» DATASET EXCERPT:
====

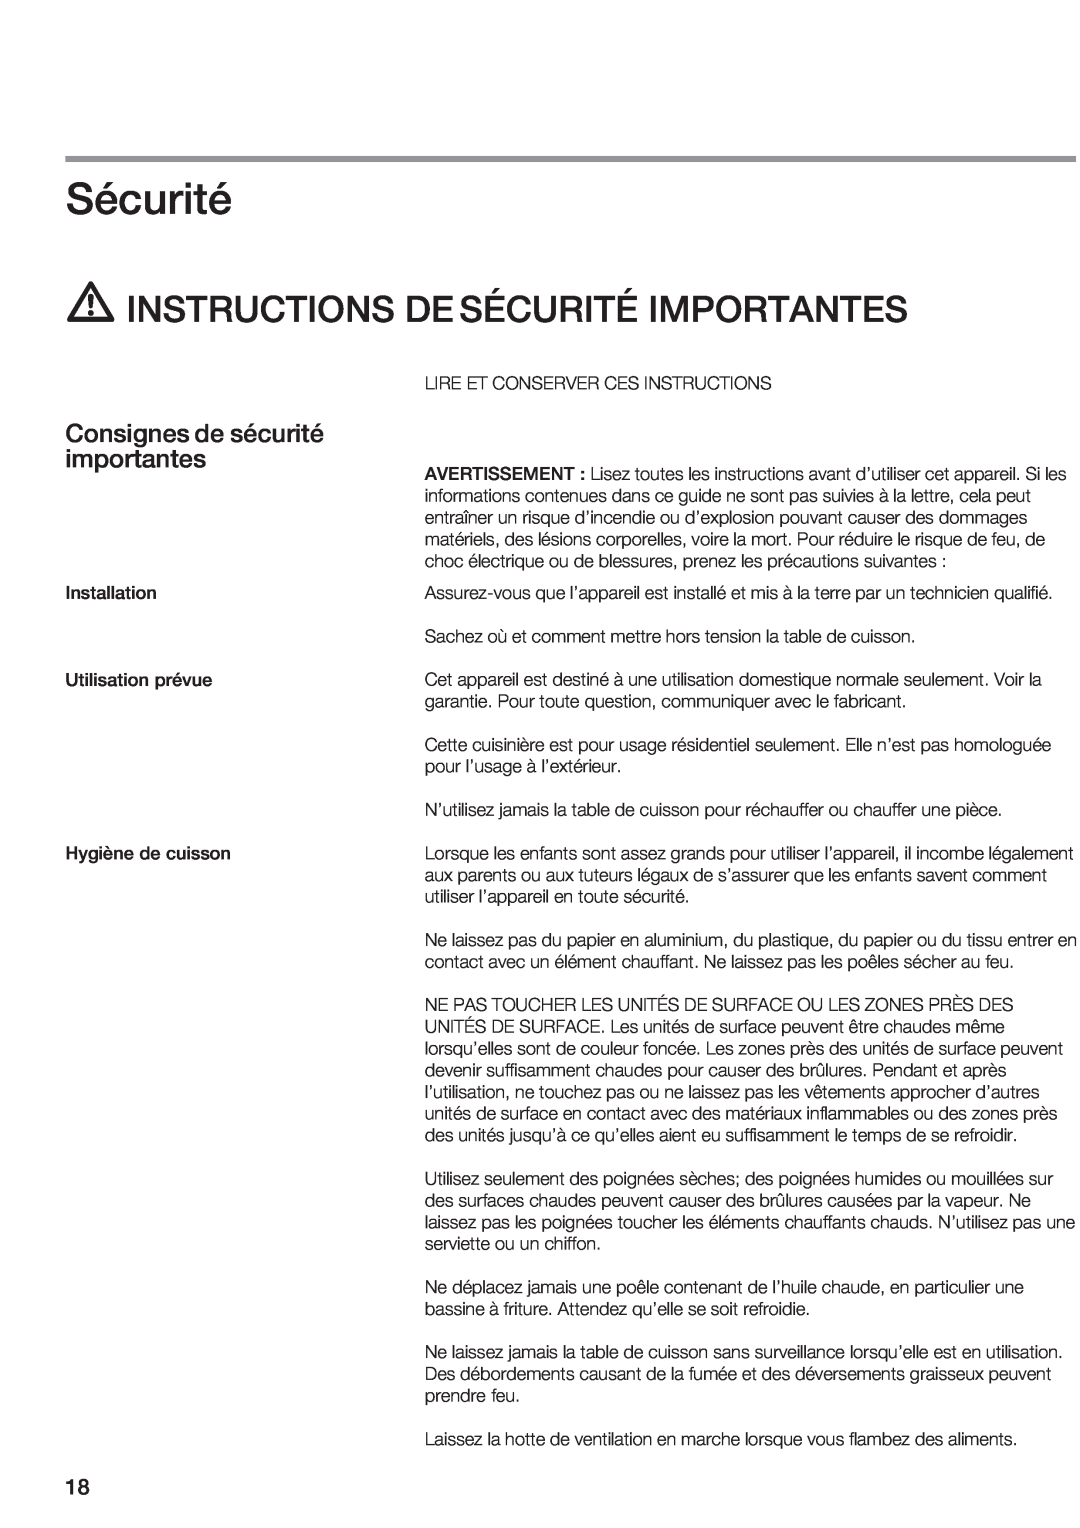 Bosch Appliances NEM 95 manual Instructionsde Sécuritéimportantes, Installation Utilisation prévue, Hygiène de cuisson 
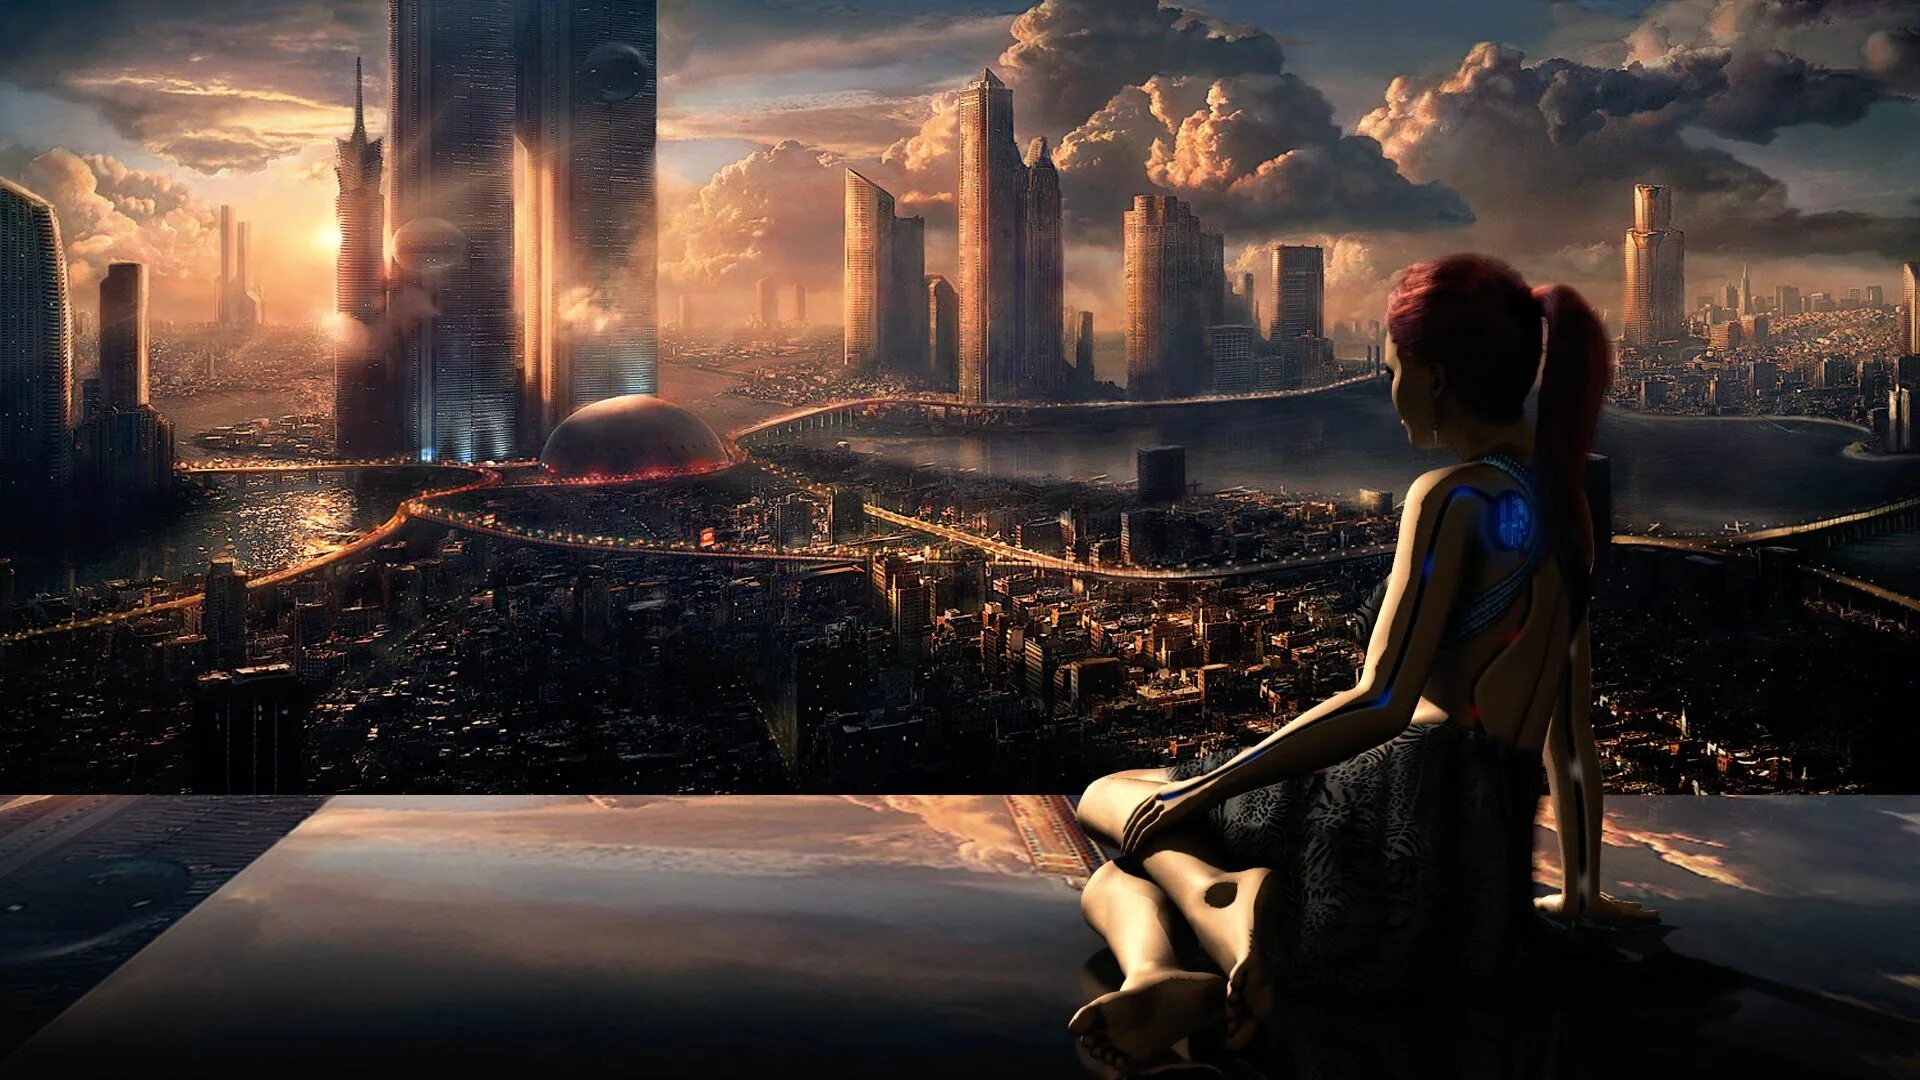 Стоящее будущее. Фантастический город. Пейзаж будущего. Девушка в городе будущего. Фантастические пейзажи будущего.
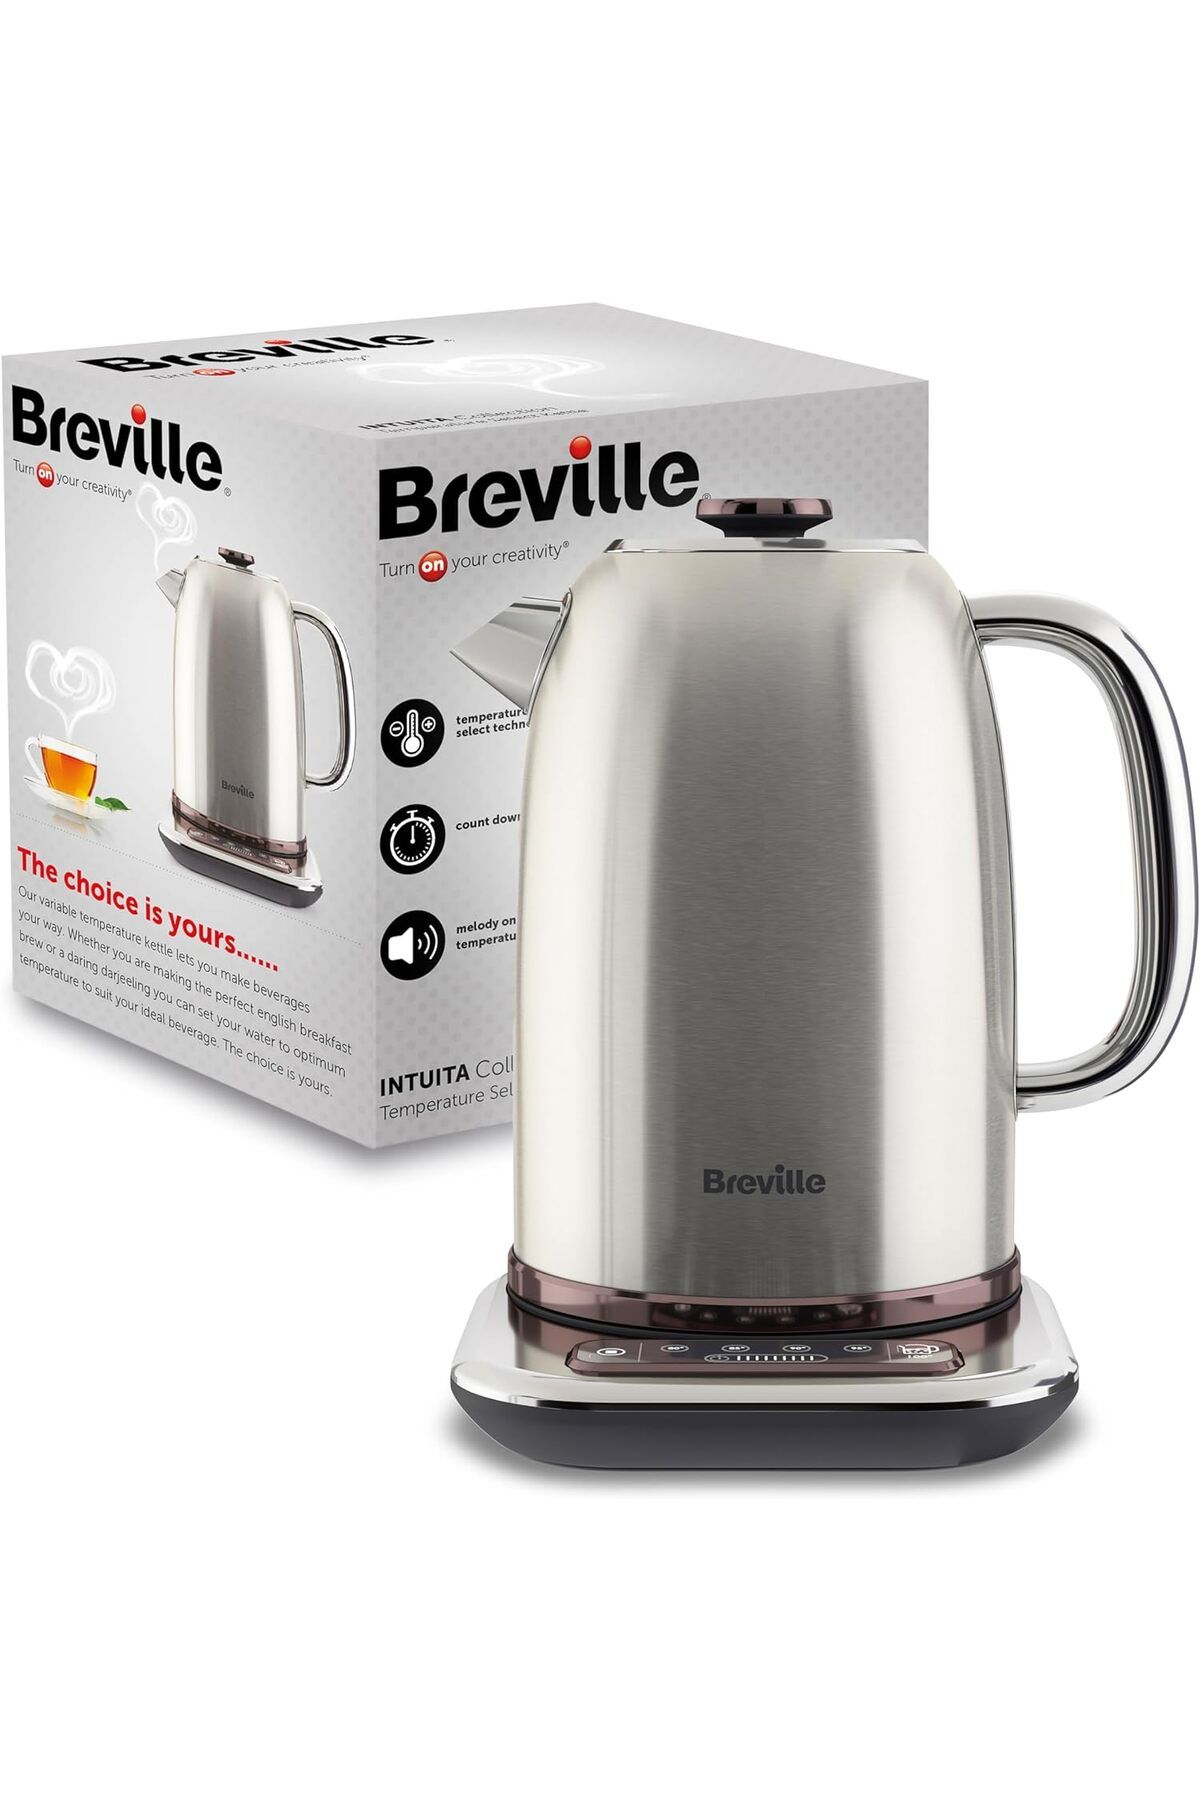 Breville Akıllı Kontrollerle Hızlı Kaynatma, 1.7L Kapasiteli Çelik Su Isıtıcısı Değişken Sıcaklık Kontrolü!

====

» INSTRUCTIONS TO FOLLOW: Return each line of the material exactly as written; exclude the pictures.

» WRITTEN RESPONSE:
 Bosch Appliances NEM 95 manual Instructionsde Sécuritéimportantes, Installation Utilisation prévue, Hygiène de cuisson 
 Стоящее будущее. Фантастический город. Пейзаж будущего. Девушка в городе будущего. Фантастические пейзажи будущего.
 Breville Akıllı Kontrollerle Hızlı Kaynatma, 1.7L Kapasiteli Çelik Su Isıtıcısı Değişken Sıcaklık Kontrolü!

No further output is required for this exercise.